Purpose : Primary open-angle glaucoma (POAG) has a strong, multifactorial genetic basis that remains incompletely understood. While hundreds of risk genes have been identified through associative and experimental studies, a considerable percentage of heritability remains unexplained, and prioritizing known risk genes for therapeutic efforts remains challenging. We hypothesized that network-based representation learning could facilitate prioritization of glaucoma risk genes based on protein-protein interactions (PPIs).

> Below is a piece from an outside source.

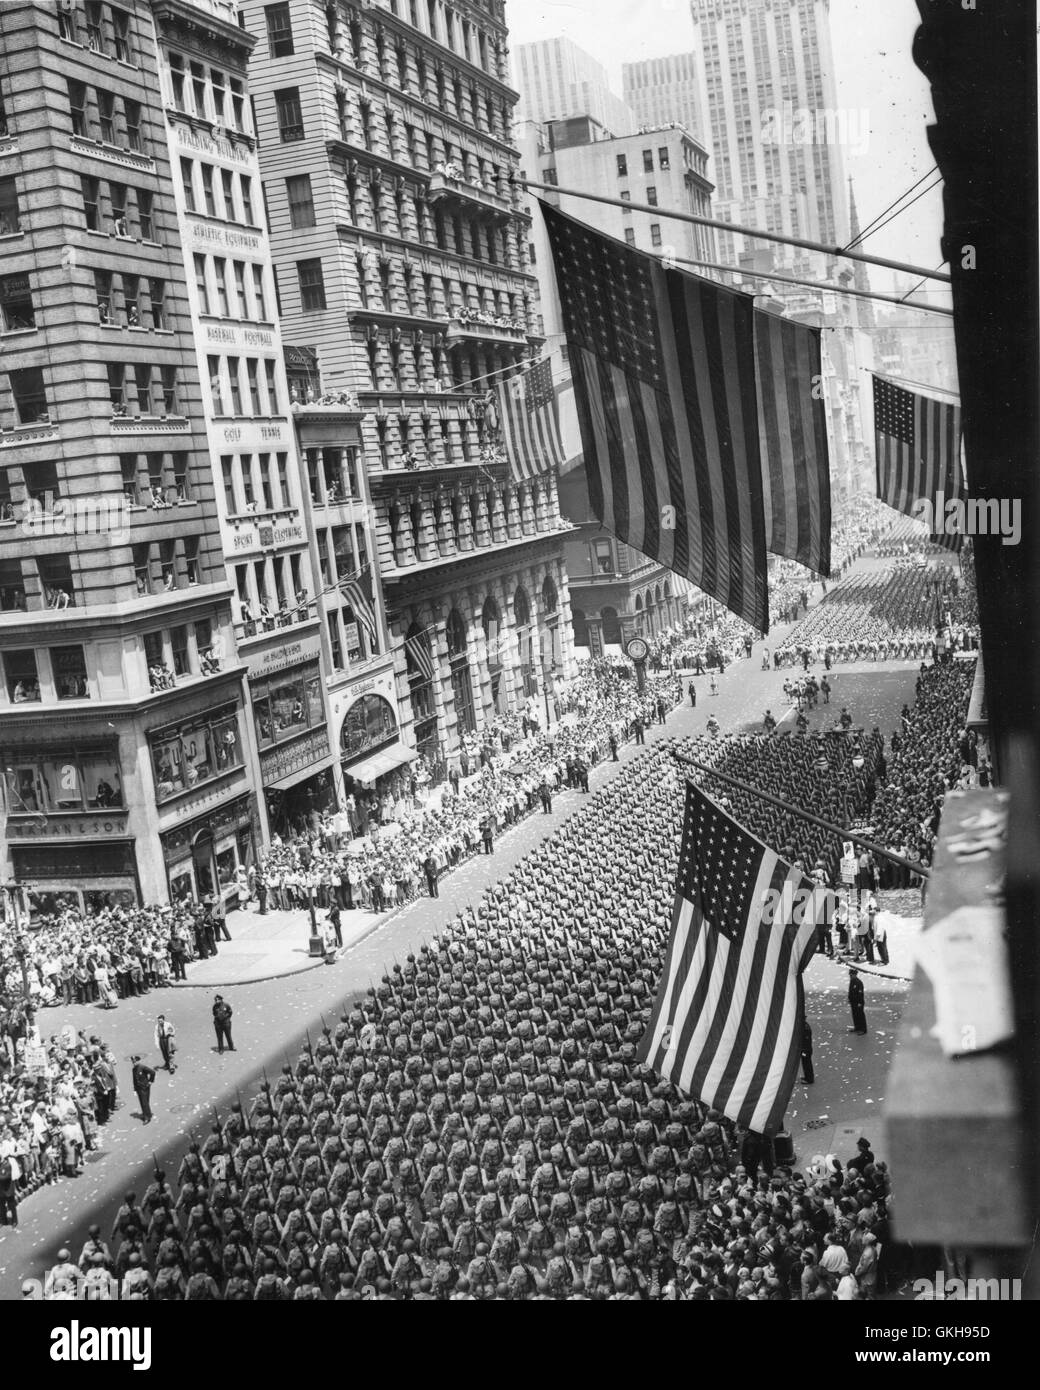 Les hommes de la Deuxième Division, l'armée des États-Unis, en mars au cours de la Cinquième Avenue à New York 'guerre' parade. Banque D'Images

Methods : We obtained high-confidence, literature-derived PPIs from the STRING database (version 11.1) and 294 known POAG risk-associated genes supported by experimental or genome-wide association data from the DisGeNET database (version 7.0). We constructed an unweighted PPI network comprising 12,396 protein-coding genes as vertices and 324,152 PPIs as edges and performed low-dimensional feature learning using the node2vec algorithm. We then trained an L2-regularized logistic regression model on the resulting gene embeddings to classify labeled POAG risk genes using Monte Carlo cross-validation. Model performance was evaluated using the area under the receiver operating characteristic curve (AUC). Pathway analysis on gene prioritization scores was performed using gene set enrichment analysis (GSEA).

Results : The model produced POAG priority scores for 12,396 human protein-coding genes using only the latent structure of the PPI network (Table). These scores correctly identified known POAG risk genes with an AUC of 0.745 (95% confidence interval (CI): 0.686-0.792). High-scoring genes had strong associations with inflammatory eye conditions in addition to POAG, including retinal degeneration (p < 0.001) and exophthalmos (p = 0.004). High-scoring genes demonstrated enrichment of several pathways with known involvement in POAG pathogenesis, including steroid hormone biosynthesis (p < 0.001), complement cascade (p < 0.001), and cytokine signaling (p < 0.001) (Figure).

Conclusions : Unsupervised network learning leveraging large-scale PPI datasets may provide a means of identifying and prioritizing candidate risk genes in POAG in the absence of disease-specific evidence regarding the gene itself.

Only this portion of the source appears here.